> **WHAT IS BEING ASKED**: Without the pictures, write the listing out again exactly as it appears.

> **DATA EXTRACT**:

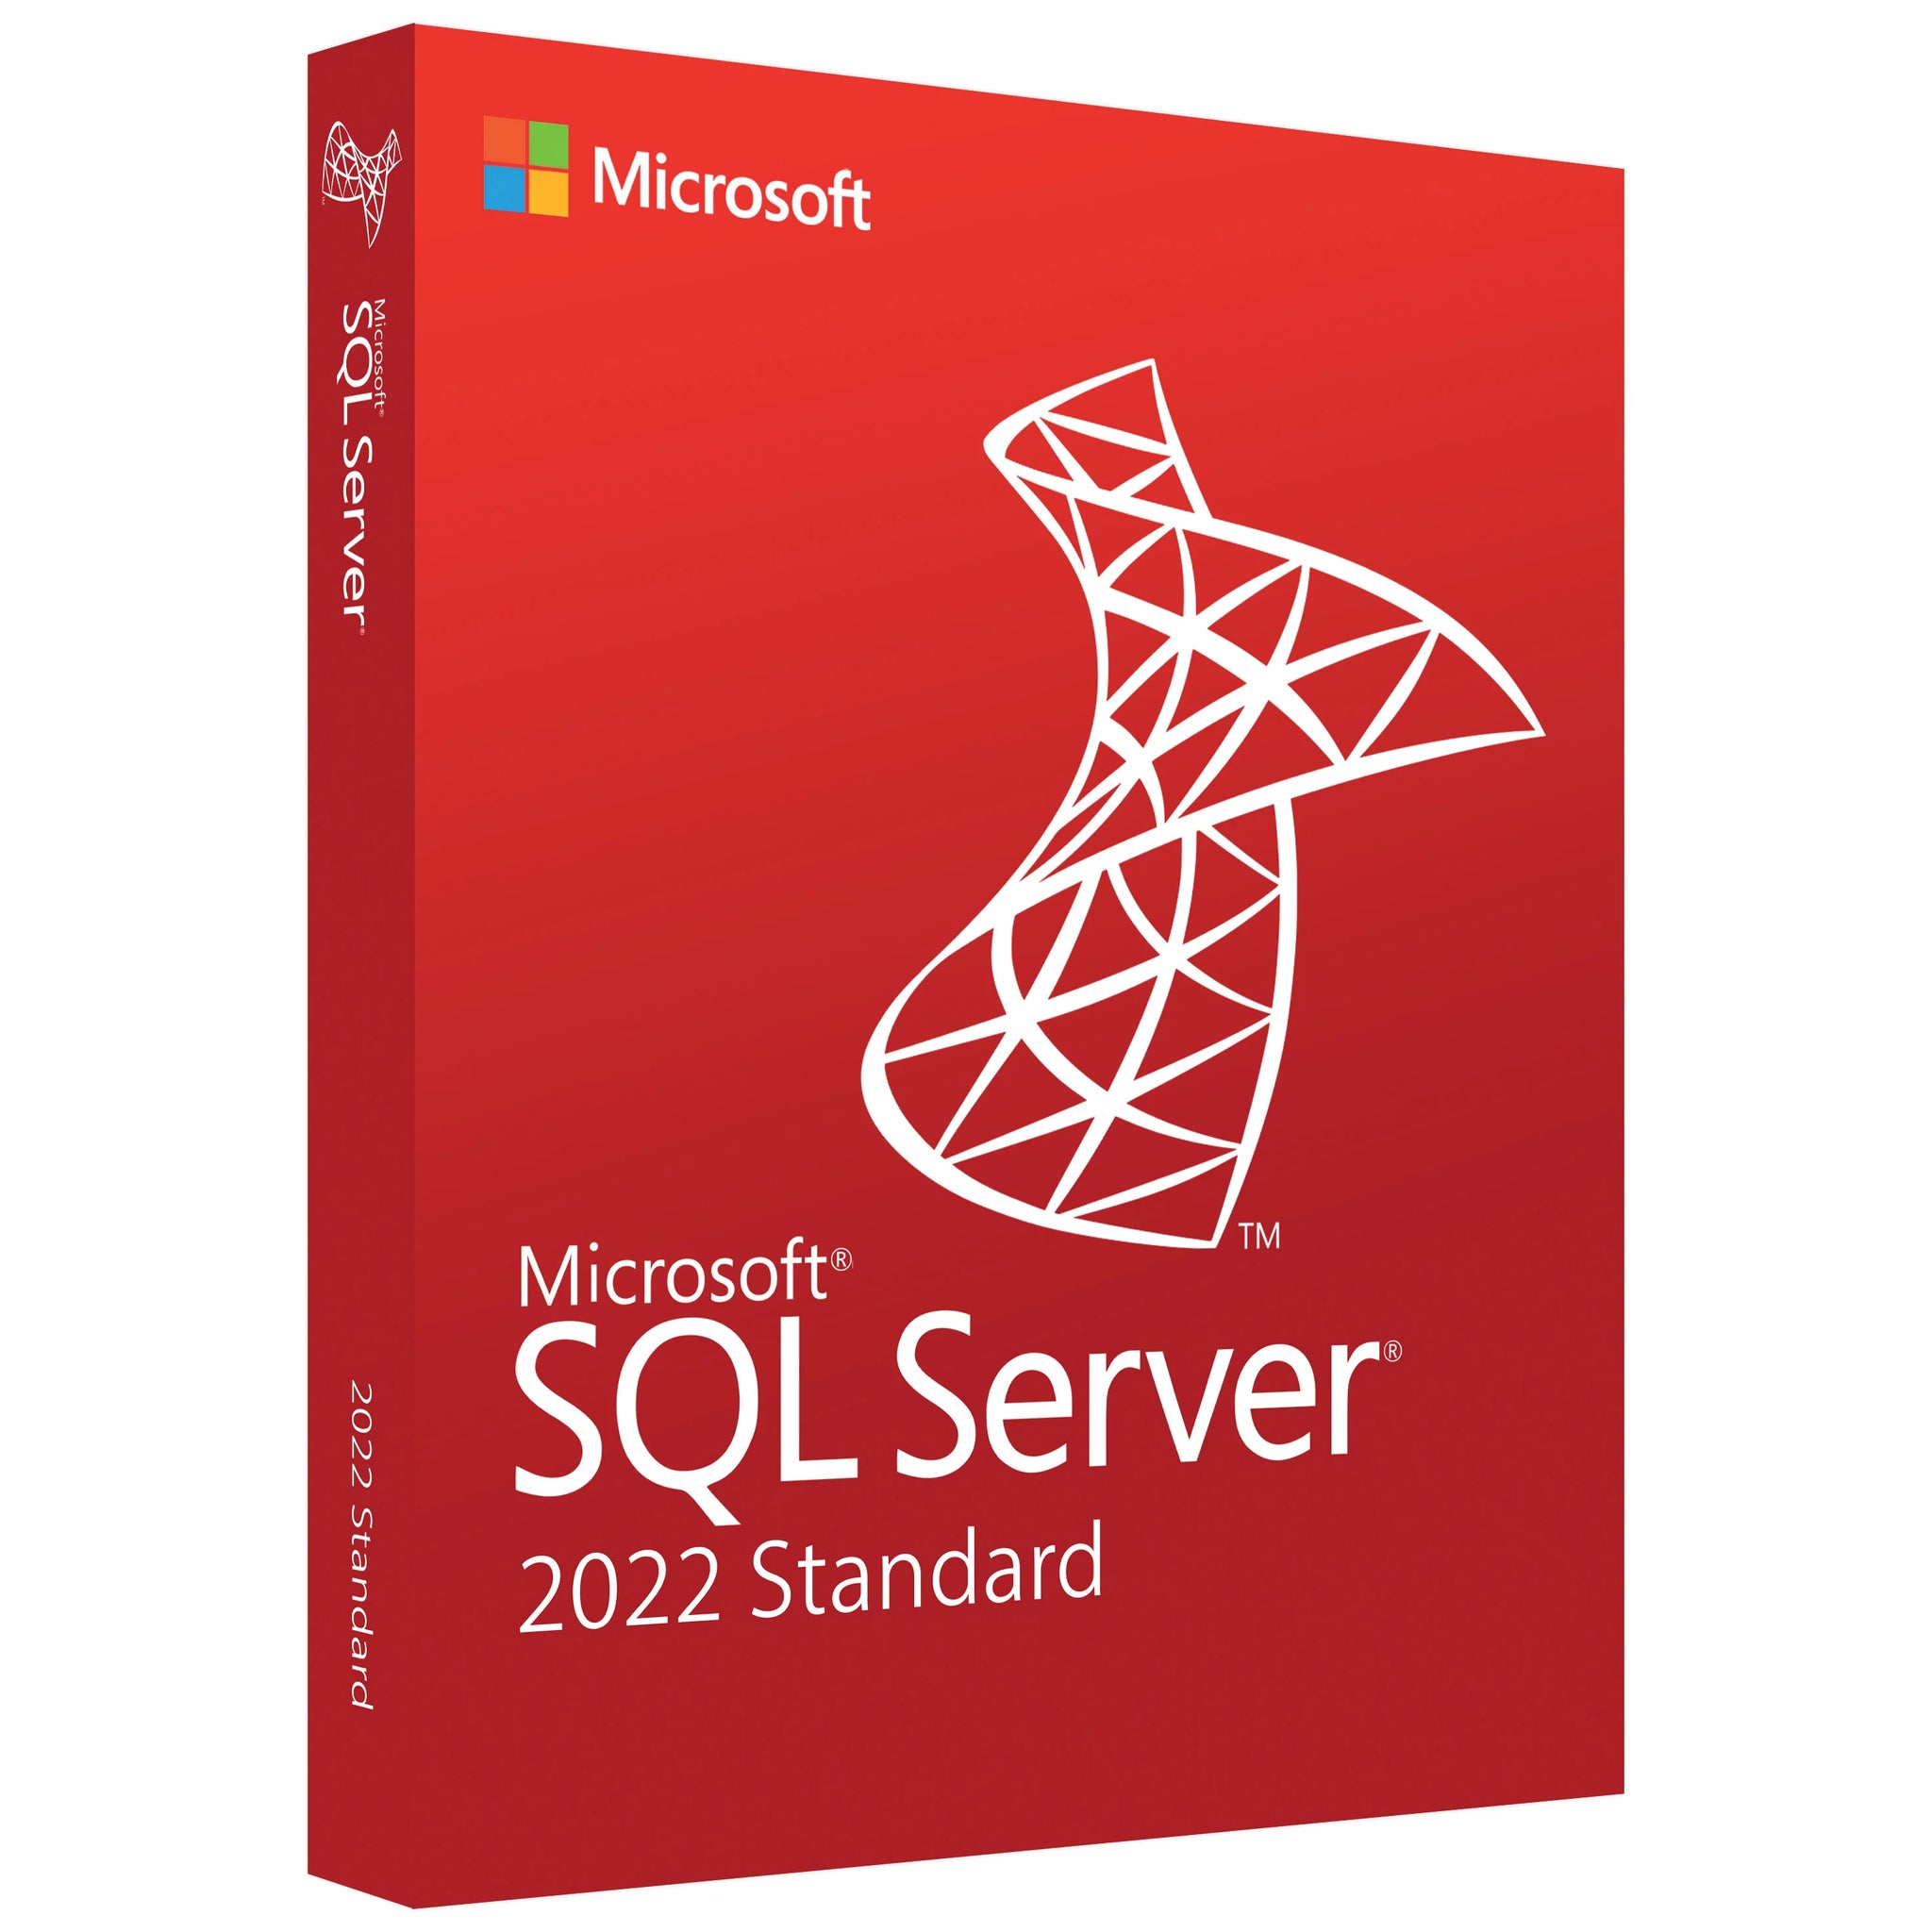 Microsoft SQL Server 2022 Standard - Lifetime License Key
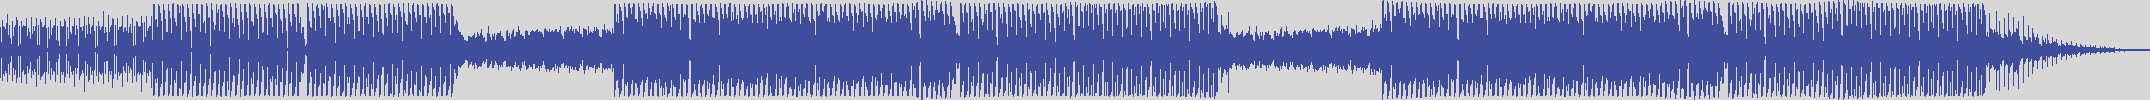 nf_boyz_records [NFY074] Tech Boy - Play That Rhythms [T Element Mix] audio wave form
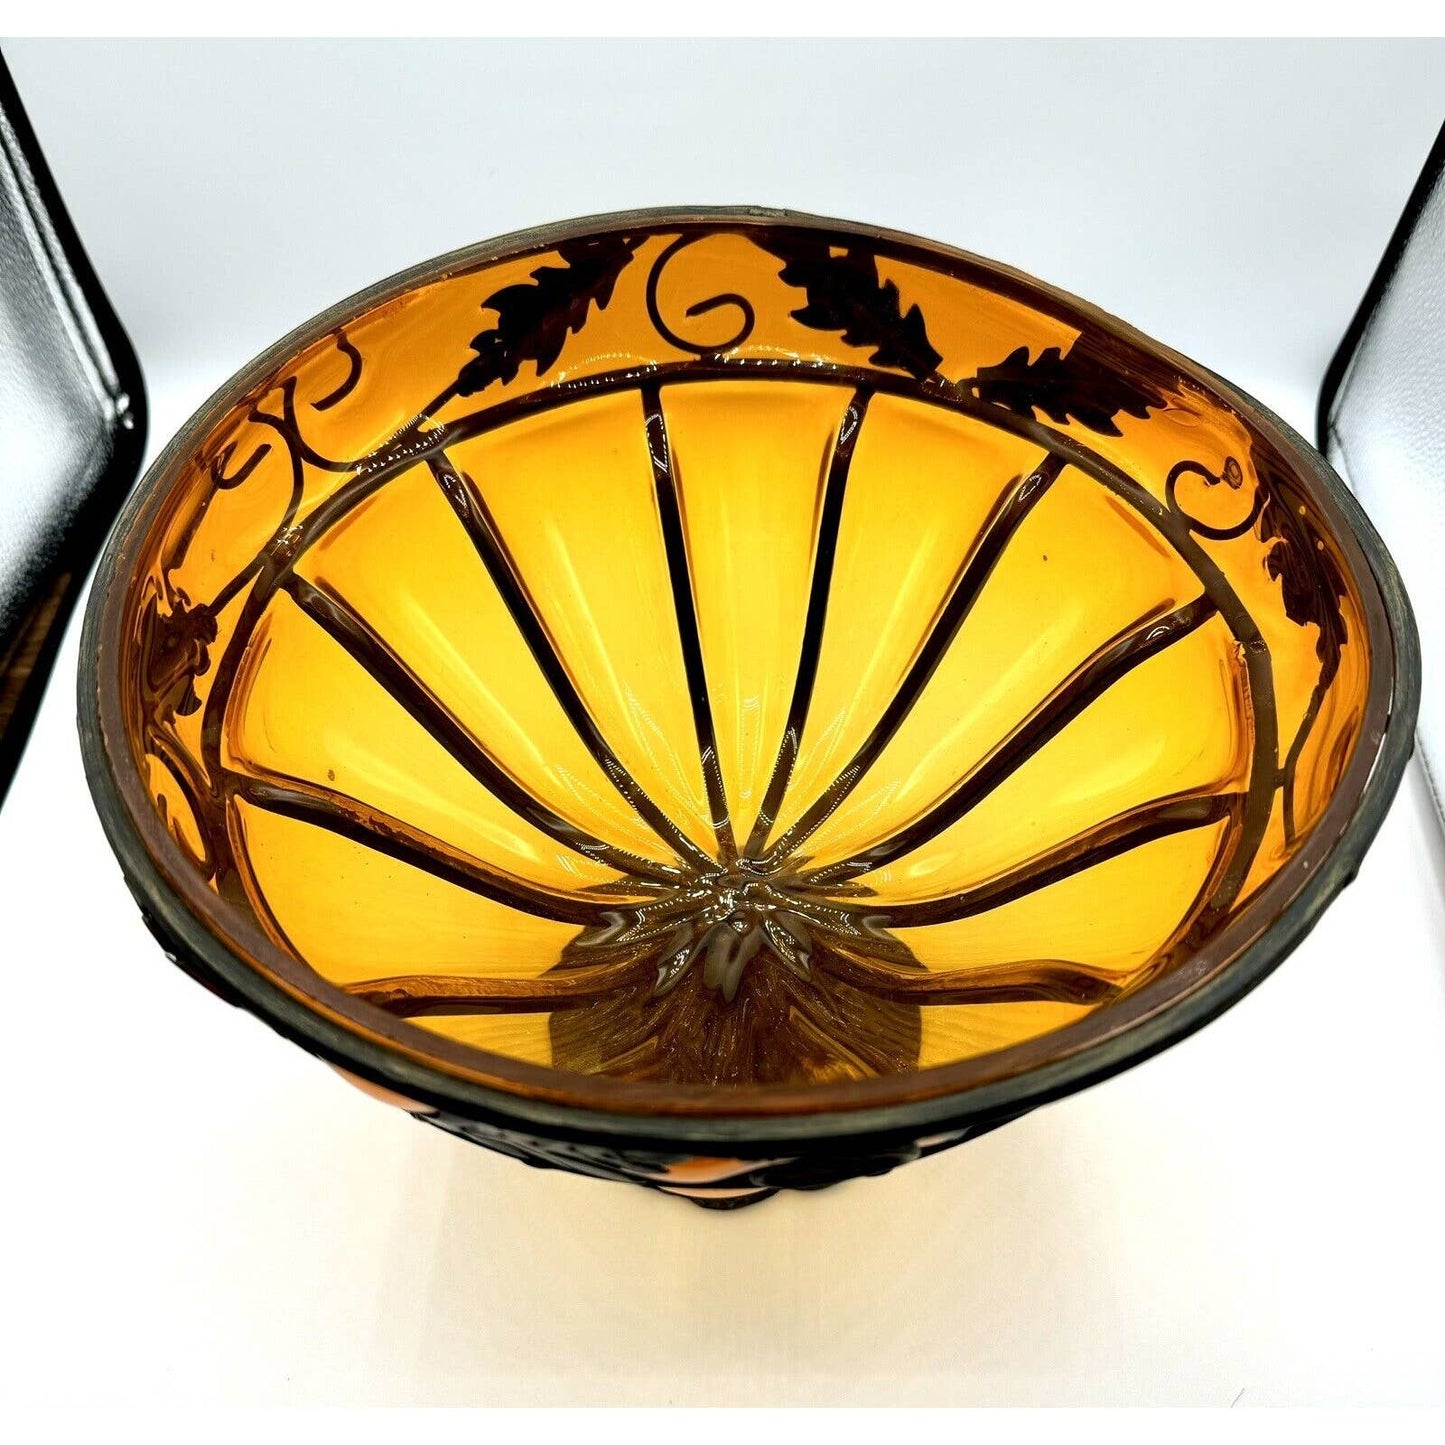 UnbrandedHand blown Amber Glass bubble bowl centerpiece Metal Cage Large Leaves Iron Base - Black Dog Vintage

> **RESPONSE BOX**:
 Microsoft SQL Server 2022 Standard - Lifetime License Key
 nf_boyz_records [NFY074] Tech Boy - Play That Rhythms [T Element Mix] audio wave form
 UnbrandedHand blown Amber Glass bubble bowl centerpiece Metal Cage Large Leaves Iron Base - Black Dog Vintage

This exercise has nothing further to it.